II. Direct Taxes Case Laws:
1. Tata
Teleservices Limited Vs. Central Board of Direct Taxes & Anr, W.P.
(C) 12304/2015 & CM 32604/2015, Date of Judgment: 11.05.2016, High
Court of Delhi
Issue:
Whether the assessee can be denied refund in pursuance of CBDT
Instruction No. 1 dated 13th January, 2015 issued to clarify the
provisions of Section 143(1D) of the Income Tax Act, 1961?
Held_No
Brief Facts:
The assessee is engaged in the business of providing telecom
services. The assessee is also an eligible undertaking u/s 80IA(2A) and
is eligible for 100% deduction under that section. The assessee has
accumulated losses for A.Y. 2012-13 to 2015-16 and it had claimed refund
on account of the Tax deducted at source and deposited with the
Government by the Payers. The assessee was eligible for grant of refund
u/s 143(1)(e) of the Act which states that the amount of refund due to
the Assessee determined in accordance with other provisions of Section
143(1) shall be granted to the Assessee. However, the refunds were
declined to the assessee for the reason that the case was pending for
scrutiny and as such covered by the provisions of section 143(1D) of the
Act stating that processing of return shall not be necessary where
notice u/s 143(2) was issued to assessee. The CBDT Instruction No. 1 of
2015, inter alia, states the legislative intent is to prevent the issue
of refund after processing as scrutiny proceedings may result in demand
for taxes on finalisation of the assessment subsequently.
Held:
It was held that the impugned CBDT Instruction No. 1 of 2015 dated
13th January 2015 is unsustainable in law and it is hereby quashed. It
was further observed that section 119 of the Act enables the CBDT to
issue orders, instructions and directions to the income tax authorities
for the proper administration of this Act. However, this power has
certain limitations which includes that the same should not be
prejudicial to the assessees. It was directed that the said Instruction
shall not hereafter be relied upon to deny refunds to the Assessees in
whose cases notices might have been issued u/s 143(2) of the Act. The
question whether such return should be processed will have to be decided
by the AO concerned exercising his discretion in terms of Section
143(1D) of the Act.
(Please click here for judgment)
2. M/s
Hanjin Shipping Company Ltd. Vs. Deputy Director of Income Tax, I.T.A.

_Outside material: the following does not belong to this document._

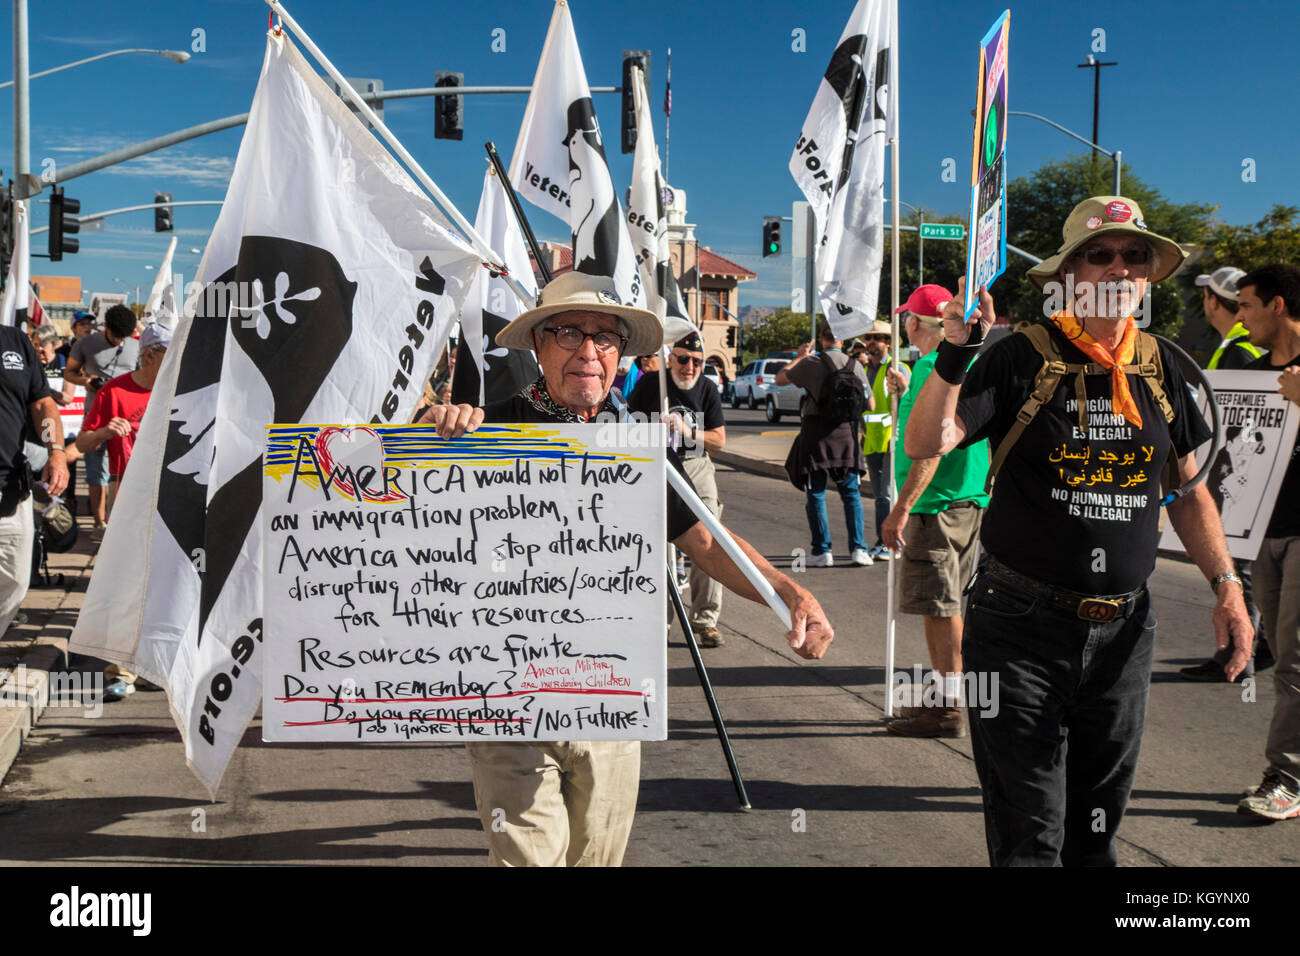 Nogales, Arizona USA and Nogales, Sonora Mexico - 11 November 2017 - On Veterans Day, members of Veterans for Peace led a march and rally on both sides of the U.S.-Mexico border fence to protest the separation of immigrant families, U.S. policies that make it hard for refugees fleeing repression to enter the United States, and the deportation of veterans who have served in the U.S. military. The events were organized by the School of the Americas Watch, a group of religious and community activists. Stock Photo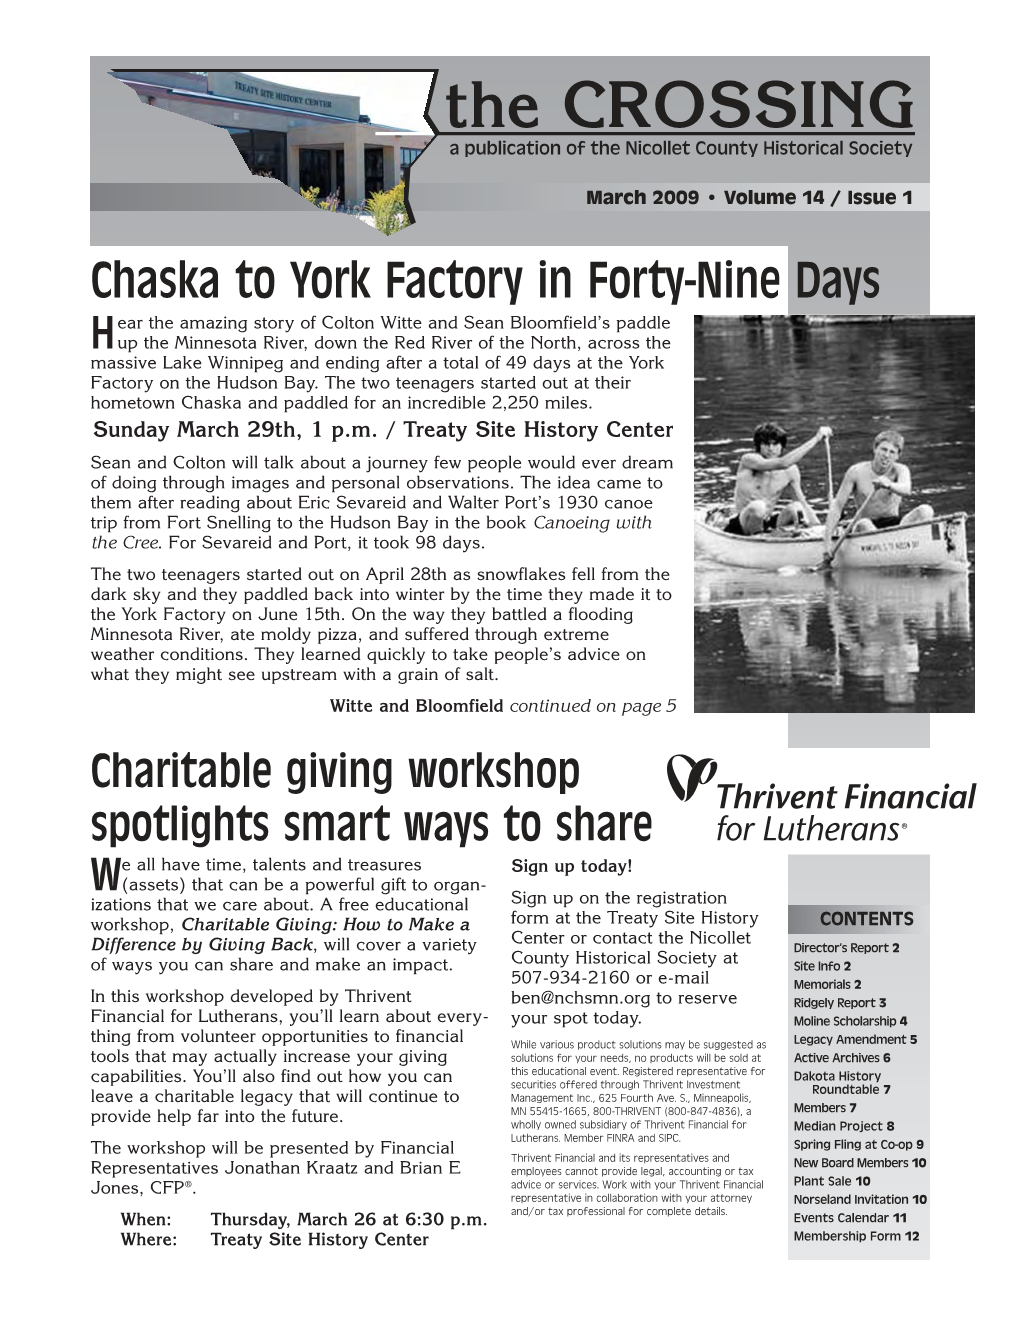 Chaska to York Factory in Forty-Nine Days

No. 5277/M/2014, Date of Pronouncement: 13.05.2016, ITAT - Mumbai
Issue:
Whether the amount of service tax collected during the year would
form part of the Gross Receipts for the purpose of the computation of
Income under presumptive basis u/s 44B of the Income Tax Act, 1961?
Held_No
Brief Facts:
The assessee is a foreign company incorporated under the law of
Korea. It has opted for presumptive basis of taxation at the rate of
7.5% of the aggregate amount of income from operation of shipping under
section 44B of the Income Tax Act. The AO contented that the gross
receipts for determining the presumptive profit should be taken
inclusive of the Service Tax collected by the assessee. The AO placed
reliance on judgments of the Delhi bench of the Hon’ble Tribunal in DDIT
(International Taxation) vs. Technip Offshore Contracting BE (ITA No.
4613/Del/2007) and Authority of Advance Ruling in SIem Offshore Inc
((2011) 337 ITR 027). CIT (A) upheld the decision of AO. Aggrieved by
which assessee appealed before the Tribunal.
Held:
The hon’ble Tribunal, in the light of the judgment of Delhi High
Court in the case of DIT vs. Mitchell Drilling International Pvt. Ltd.
(2015) 62 Taxman.com 24 (Delhi), held that the service tax was collected
by the assessee on the behalf of the Government and is a statutory
liability to be paid to the Government and does not involve any element
of profit and hence it cannot be included in the Total receipts for
determining the income on presumptive basis under Section 44B.
The appeal of the assessee is allowed.